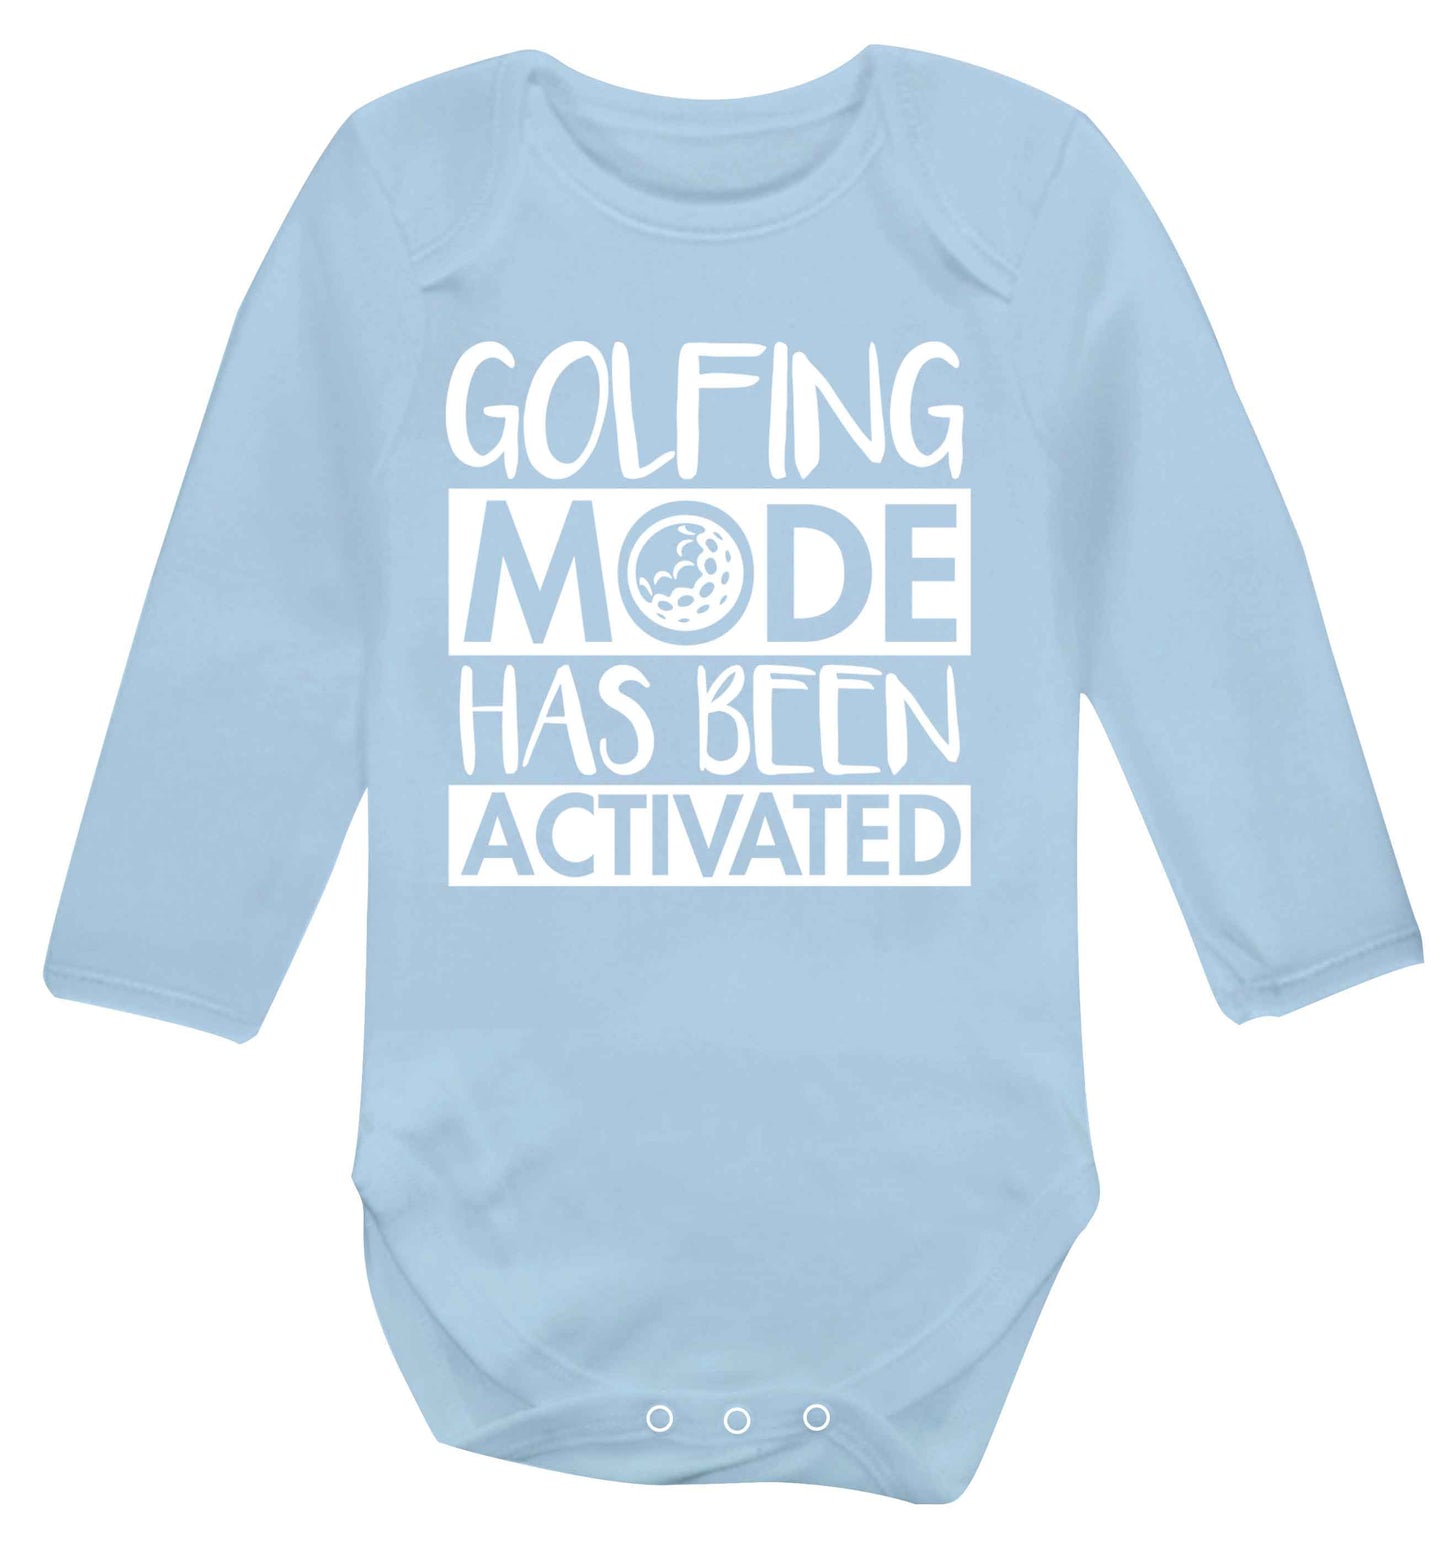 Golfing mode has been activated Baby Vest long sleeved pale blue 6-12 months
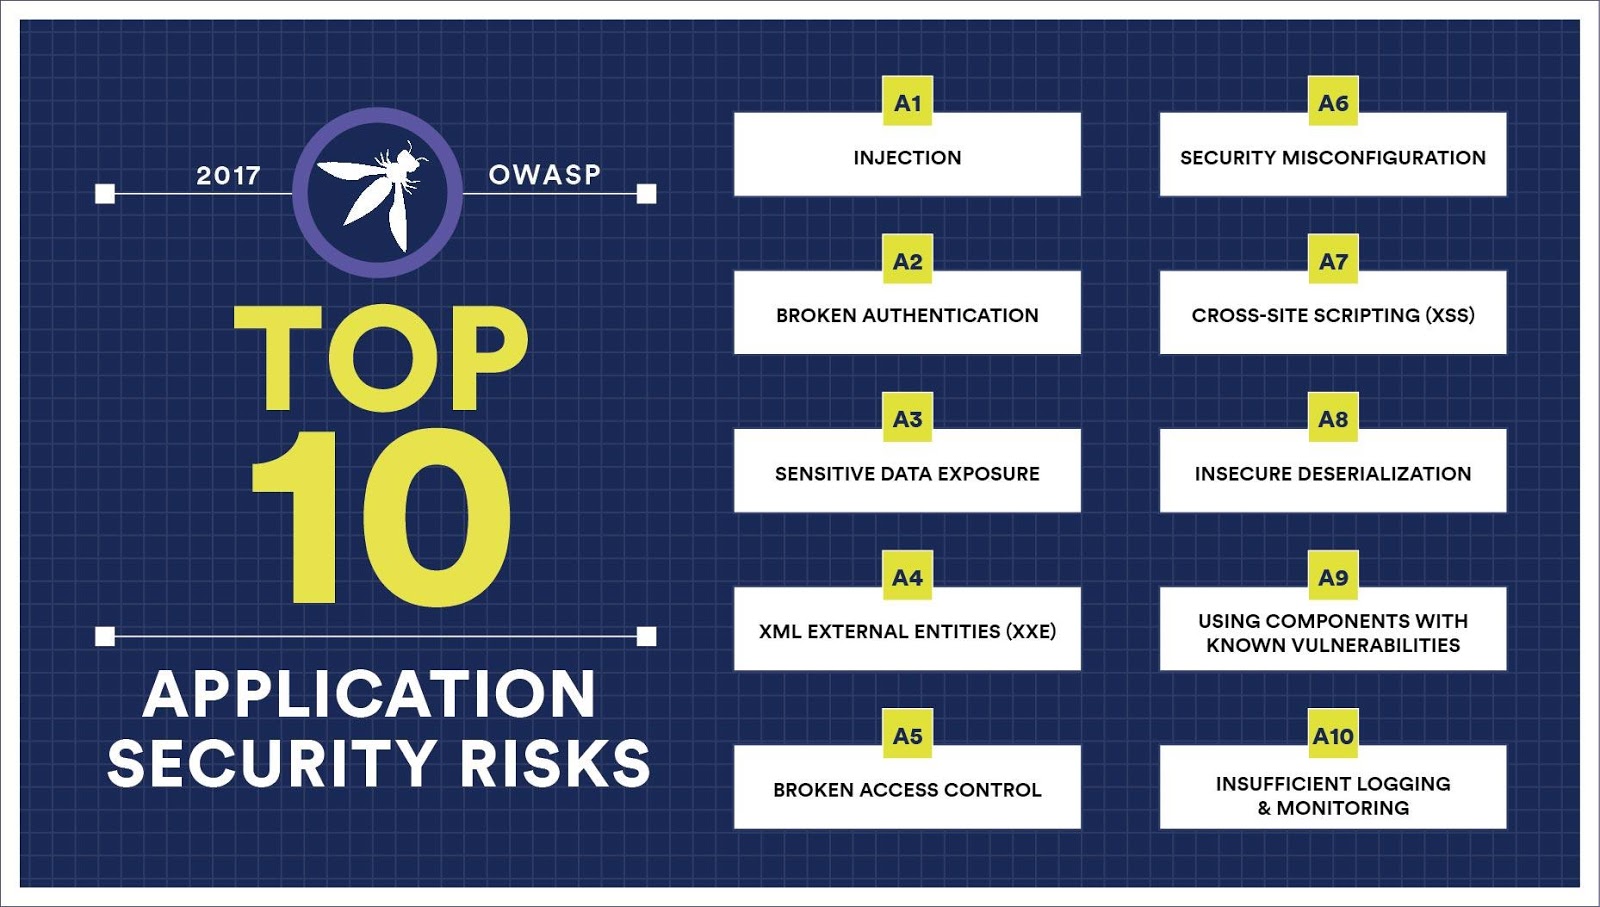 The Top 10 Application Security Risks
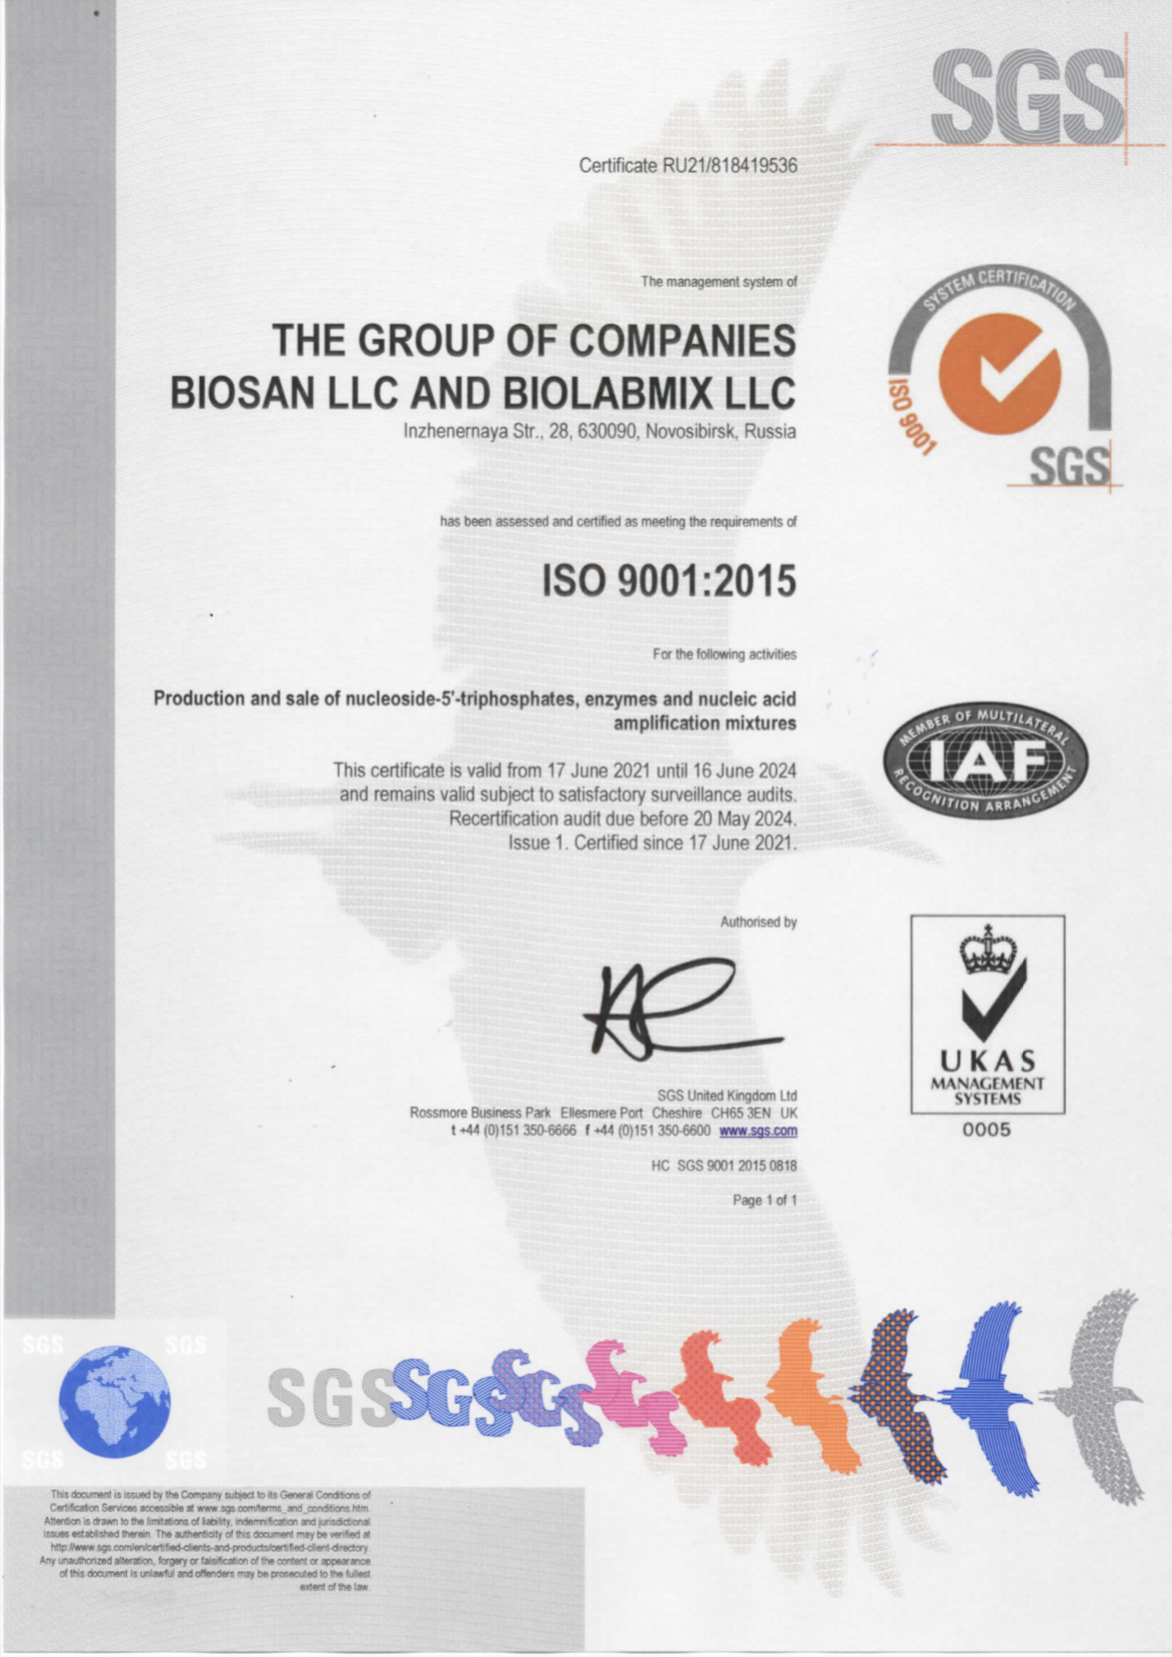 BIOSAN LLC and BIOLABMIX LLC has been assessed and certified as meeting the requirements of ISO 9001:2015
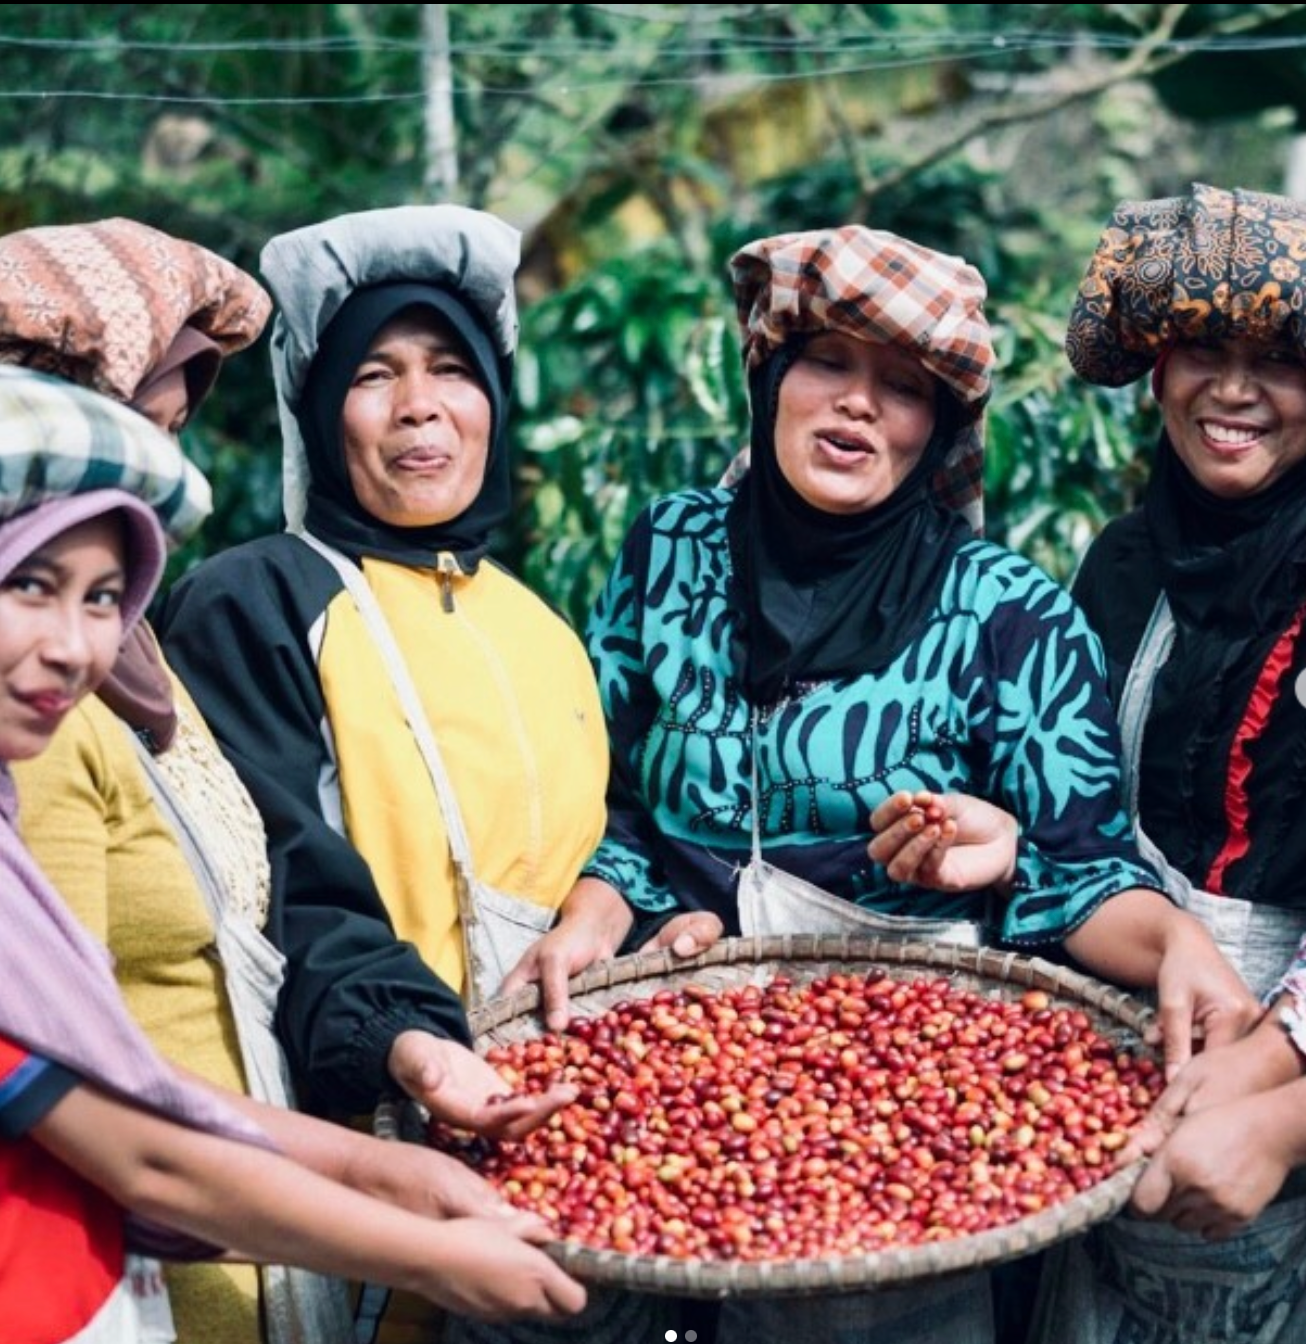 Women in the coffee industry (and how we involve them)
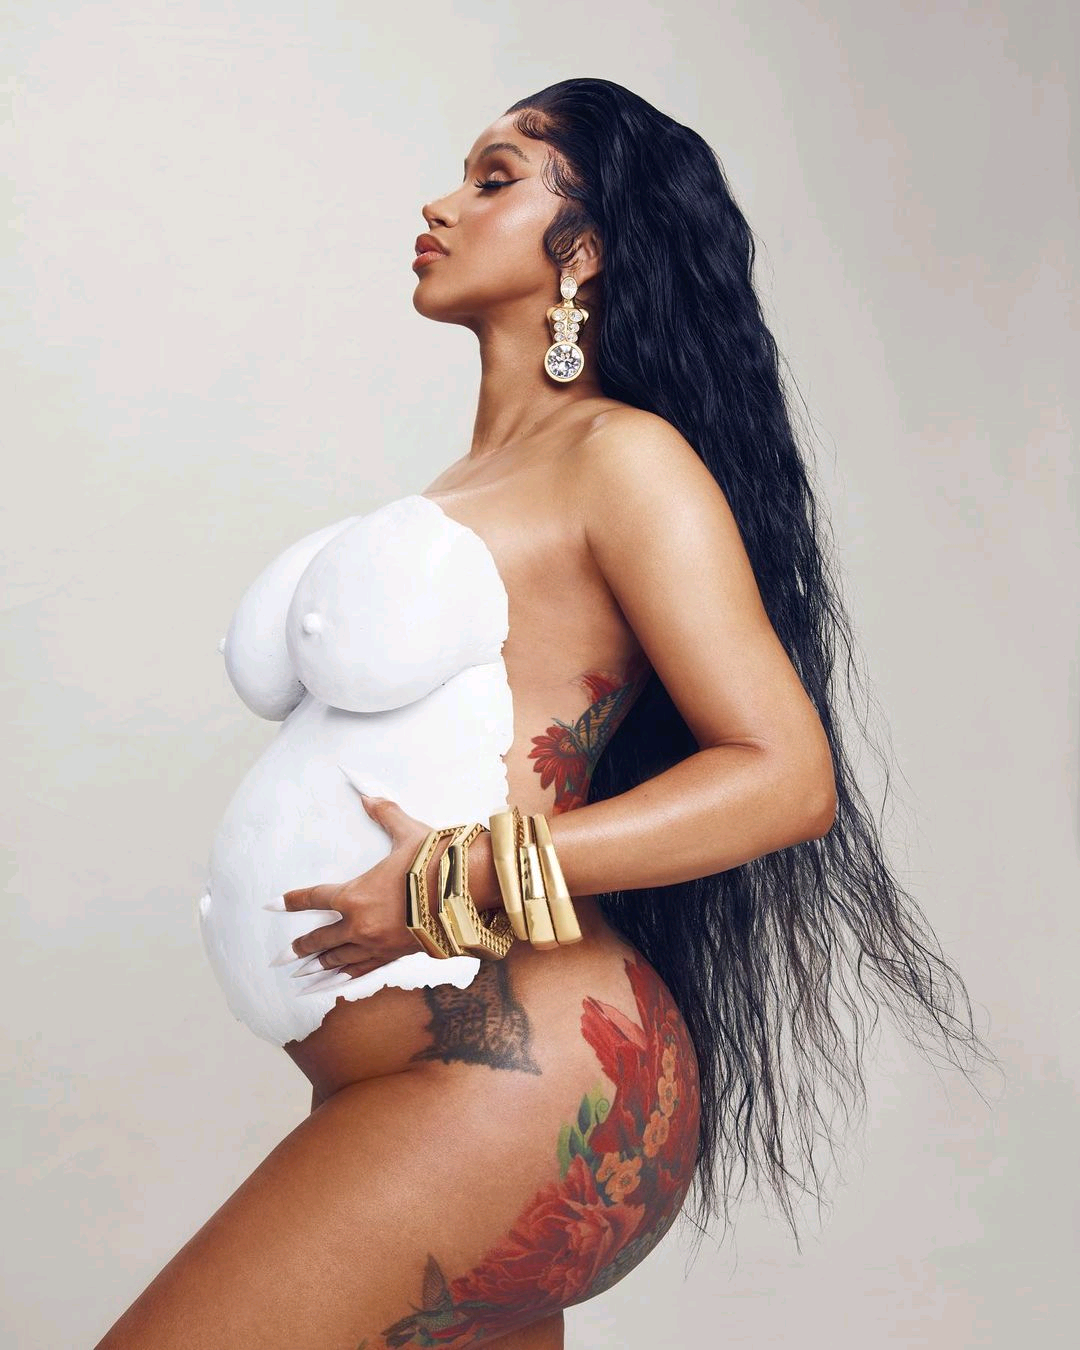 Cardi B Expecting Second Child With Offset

***

What the task asks: Take the line with "Women in the" as the first line and the last line of the records above as the final one; reproduce exactly the lines between them, both included, without pictures.

Written solution:
 Women in the coffee industry (and how we involve them)
 Cardi B Expecting Second Child With Offset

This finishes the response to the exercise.